Start of WORKING DATA

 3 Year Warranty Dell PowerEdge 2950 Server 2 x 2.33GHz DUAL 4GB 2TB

End of WORKING DATA
Start of WORKING DATA

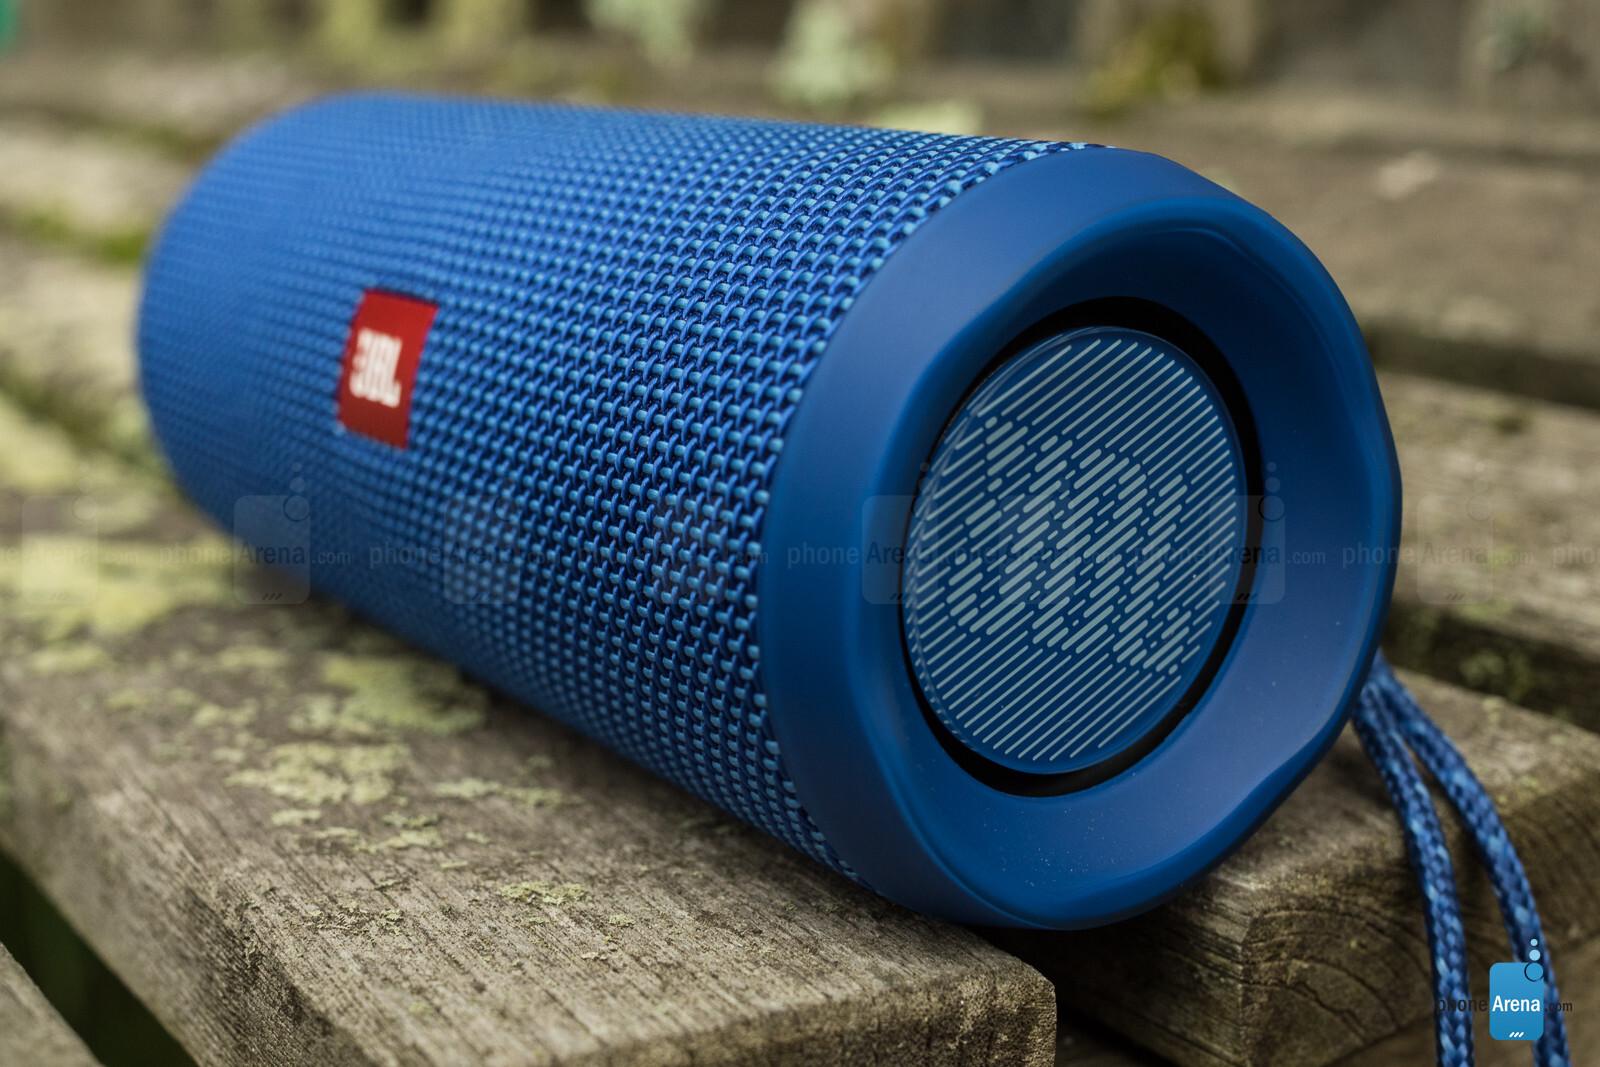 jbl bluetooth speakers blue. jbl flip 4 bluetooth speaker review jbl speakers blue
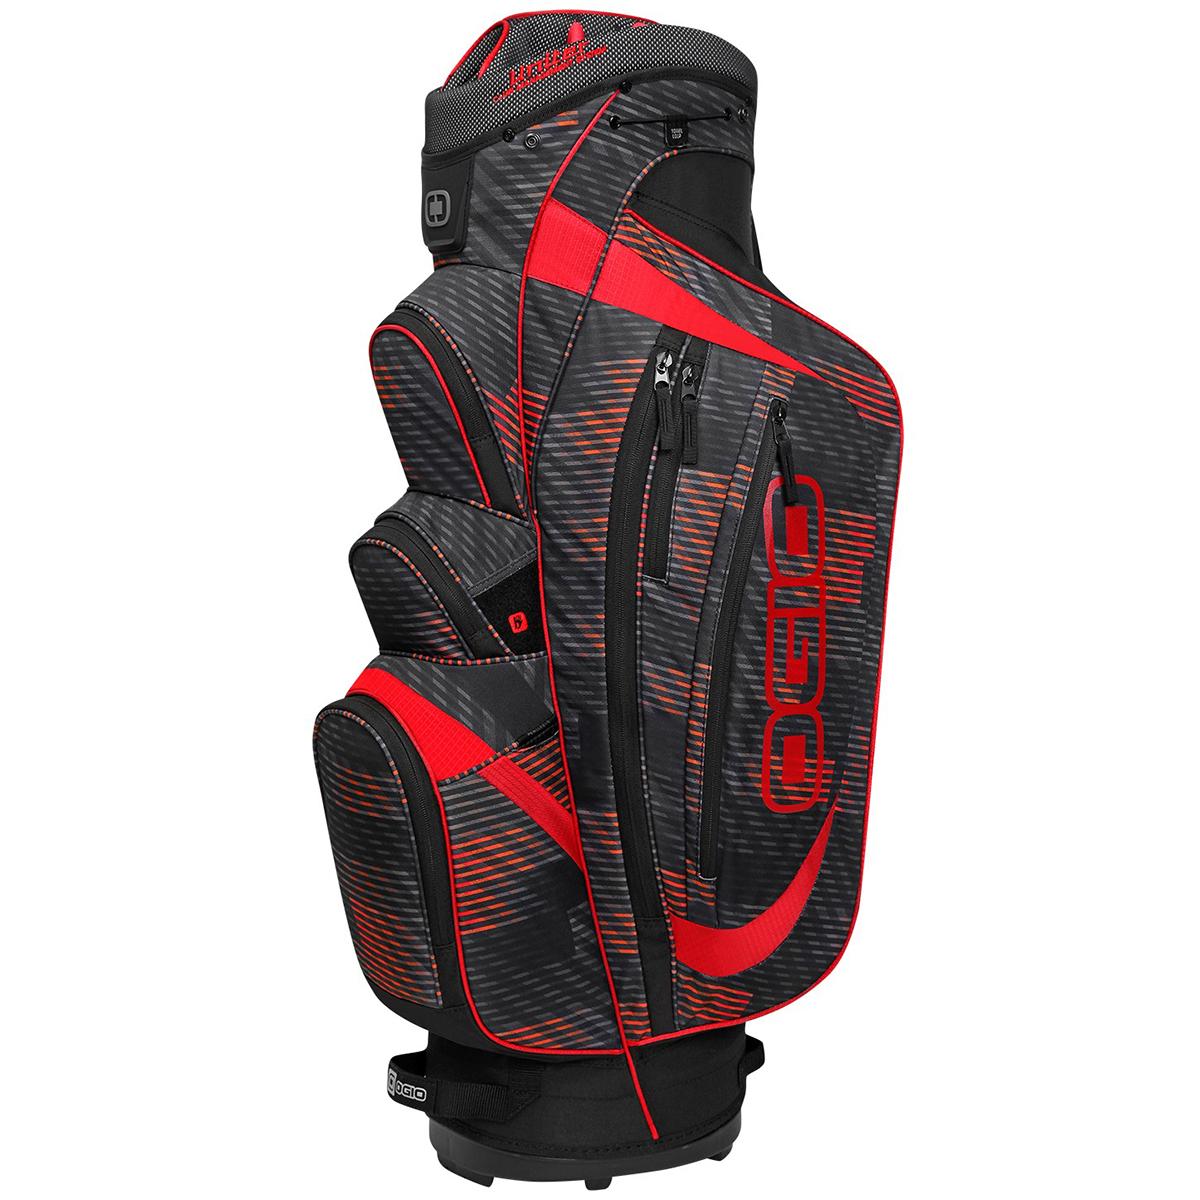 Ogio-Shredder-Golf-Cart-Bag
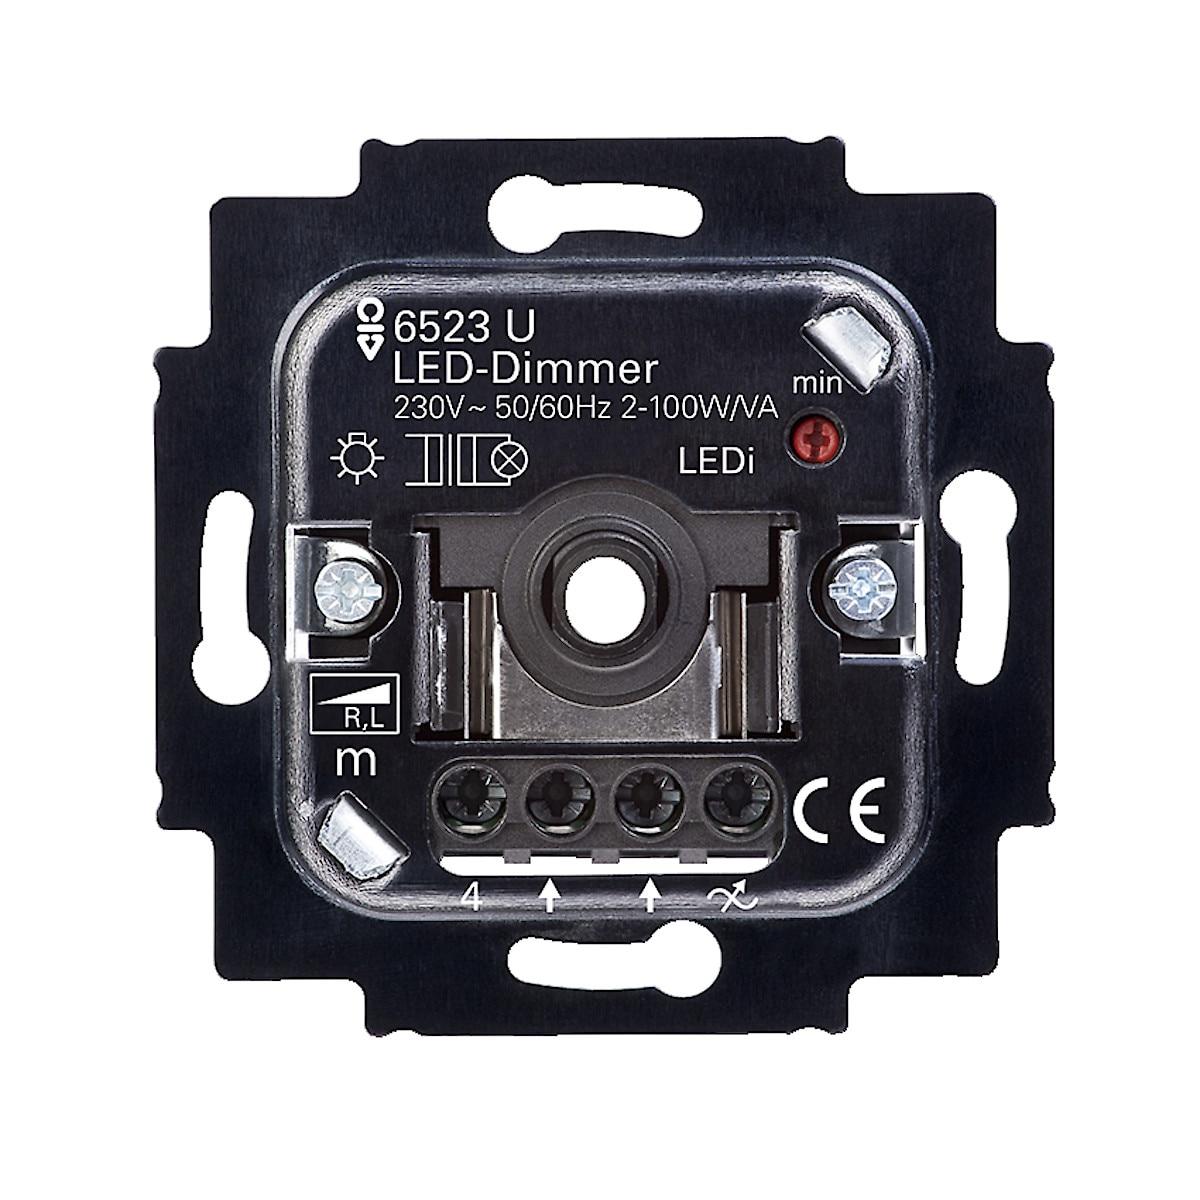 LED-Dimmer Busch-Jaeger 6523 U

End of WORKING DATA
Start of WORKING DATA

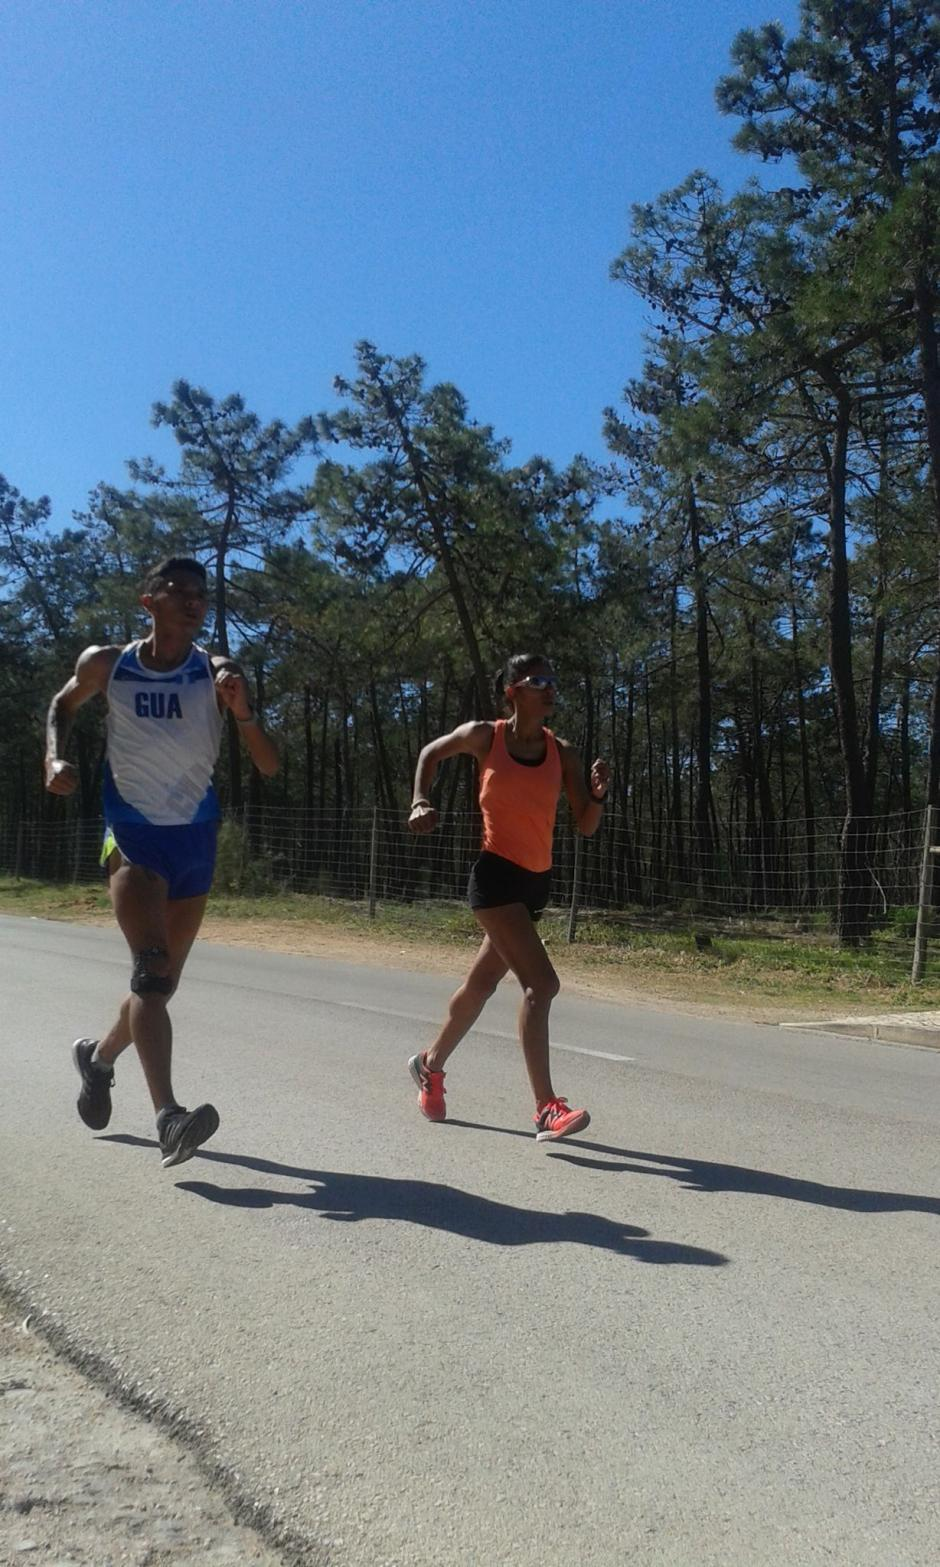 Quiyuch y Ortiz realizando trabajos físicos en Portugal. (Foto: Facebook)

End of WORKING DATA

WHAT YOU SHOULD DO: Every line above from the one with "jbl bluetooth speakers" down to the one with "LED-Dimmer Busch-Jaeger 6523 U" must be written out exactly, and no picture may appear.

REPLY:
 jbl bluetooth speakers blue. jbl flip 4 bluetooth speaker review jbl speakers blue
 Ogio-Shredder-Golf-Cart-Bag
 LED-Dimmer Busch-Jaeger 6523 U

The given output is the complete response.